Tre donne, Anna Incerti, Germana Favognano, e Giuliana Di Liberto, tengono alto il nome di Bagheria in Italia e fuori d'Italia.

Anna Incerti che conquista una medaglia nella maratona degli europei di Barcellona, Germana Favognano che si sta imponendo ogni giorno di più come una voce fresca e originale nel difficile mondo della letteratura siciliana prima con il romanzo Balarm e adesso con un volume di racconti, Giuliana Di Liberto che sfonda al Festival "Universalsong" delle Canarie.

E la bellissima notizia di ieri è che Paolo Pintacuda ha vinto il premio Solinas per la migliore sceneggiatura da film originale, premio che, al di là del fatto economico, è uno dei più prestigiosi in Italia, gli aprirà le porte di una trasposizione cinematografica del suo lavoro.
E dietro non c'è affatto il vuoto: c'è una generazione di trentenni e quarantenni che, costretti dalle circostanze ad emigrare, stanno illustrando il nome di Bagheria nei vari campi della cultura, del lavoro, delle scienze, della musica, delle professioni, delle lettere e delle arti.

Non facciamo nomi per non dimenticarne qualcuno.

Qualche considerazione che andrà sviluppata: dietro il successo di queste persone c'è solo il sacrificio e il merito, non c'è né la politica né le raccomandazioni.
Li conosciamo tutti, e sappiamo del senso di solitudine che hanno attraversato nel vedere i loro sforzi non adeguatamente apprezzati e valorizzati, da una comunità sorda o disattenta, pronta però, come si suol dire, a "correre in soccorso del vincitore".

Nessuno di questi ha mai avuto incarichi e consulenze, né mai c'è da pensare ne avranno.
L'unica cosa che chiederebbero è che una città, intesa nelle sue molteplici articolazioni, troppo spesso disattenta quando vivono nell'anonimato, gli mettesse a disposizione strumenti e risorse per crescere.
Pensiamo ad Anna Incerti.
Da trenta anni a Bagheria e nel territorio, dalla Gargano a Zarcone, da Modica alla Incerti, abbiamo avuto grandi eccellenze nel mezzofondo di atletica.

Bene: ad oggi non esiste a Bagheria, anche se più volte promessa, una banalissima pista, non uno stadio, di atletica.
Quando debbono allenarsi su pista, da sempre gli atleti debbono andare a Palermo allo Stadio delle Palme , con grande dispendio di denaro, di energie e di tempo. Ma tant'è.

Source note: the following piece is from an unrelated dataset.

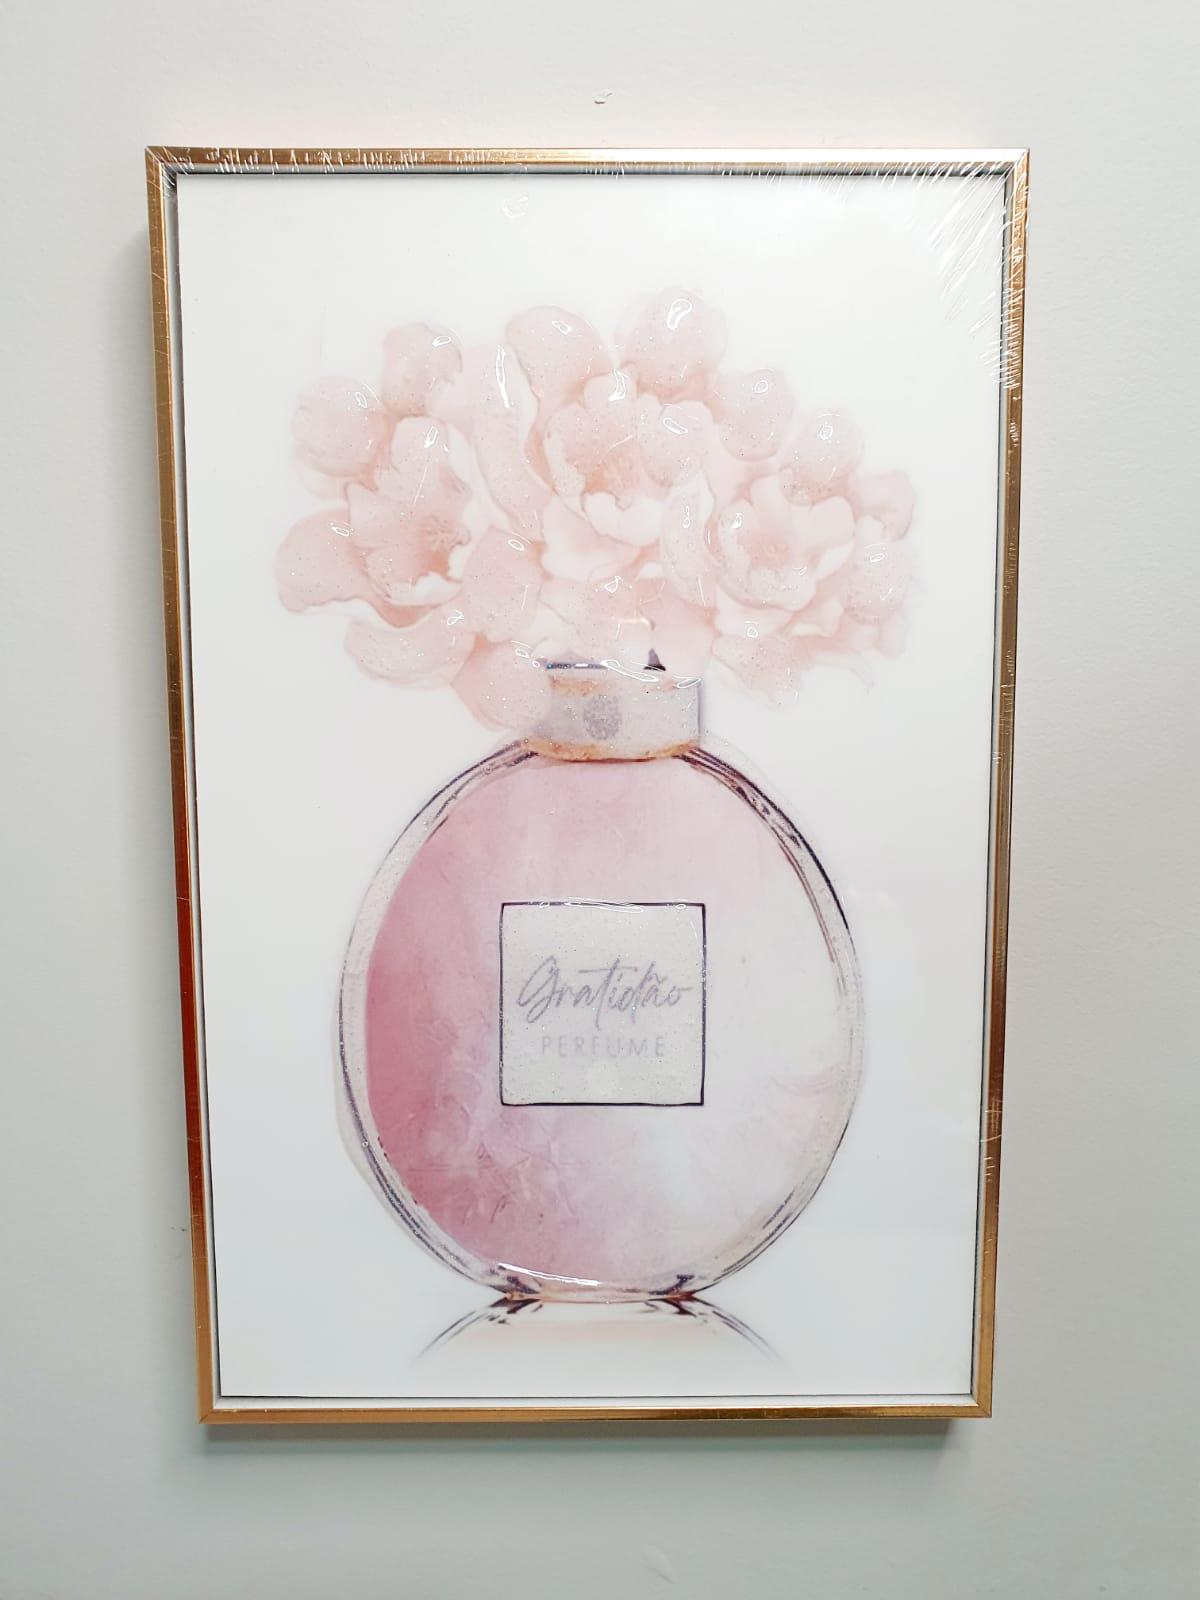 Quadro decorativo com moldura rose gold- Gratidão perfume.
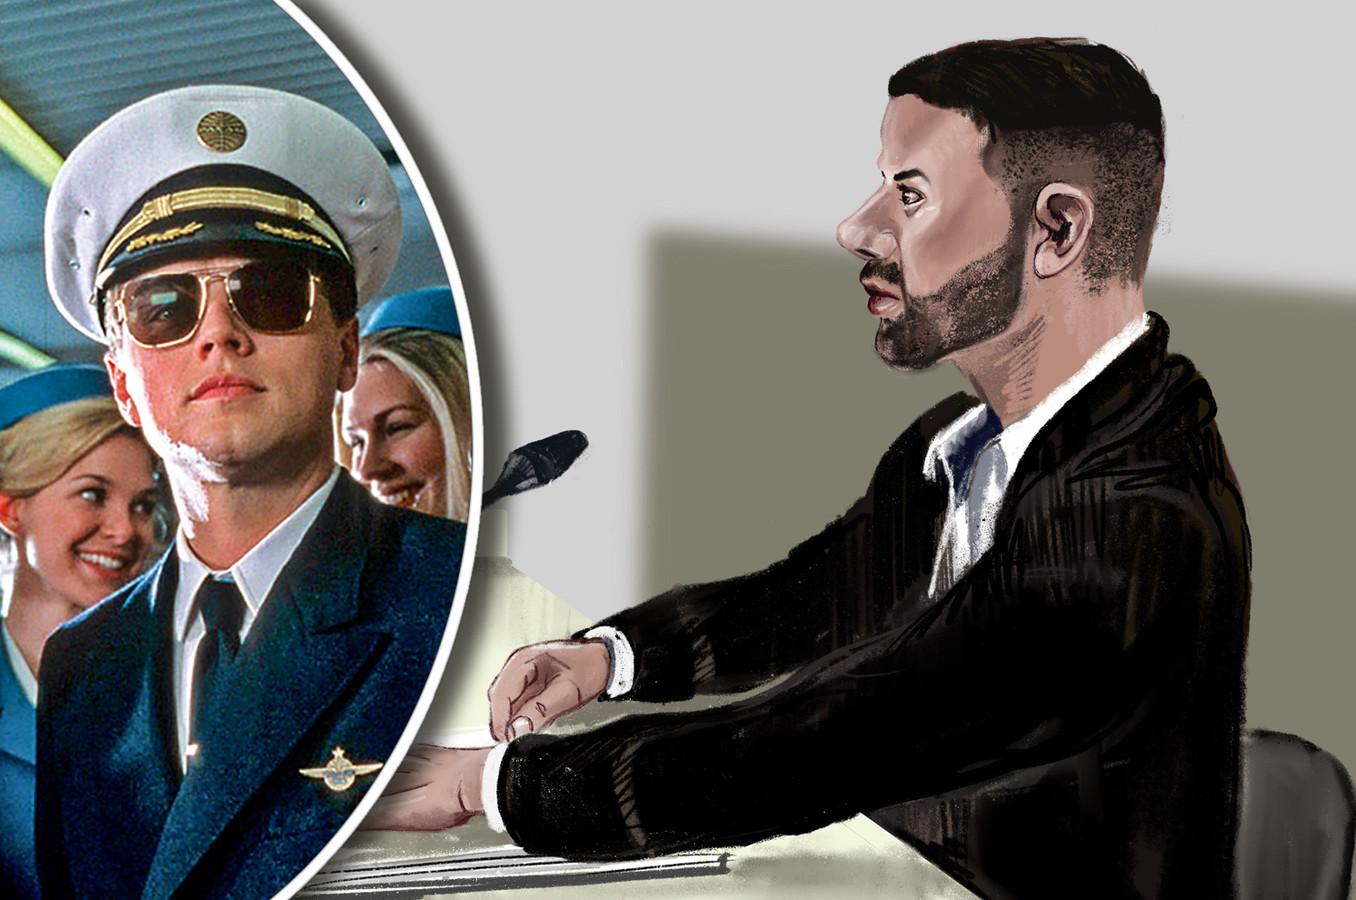 Przemyslaw N. in de rechtbank. Links Leonardo DiCaprio in zijn rol als meesteroplichter in de film Catch Me If You Can.

Adesso scopriremo e accoglieremo con "delegazione e picchetto", quei bagheresi che ci fanno onore e ci fanno inorgoglire quando li vediamo in tv, o di cui leggiamo i nomi o vediamo le foto sui giornali.
La speranza è che si capisca una buona volta, che i titoli da premiare debbono essere quelli legati alle capacità e al merito e non quelli legati alle fedeltà dei carrozzoni politici.
Ma sappiamo di parlare al vento.
Quanti voti porta Anna Incerti? È questa la domanda miserabile che si fanno i nostri eroi vecchi e nuovi della politica.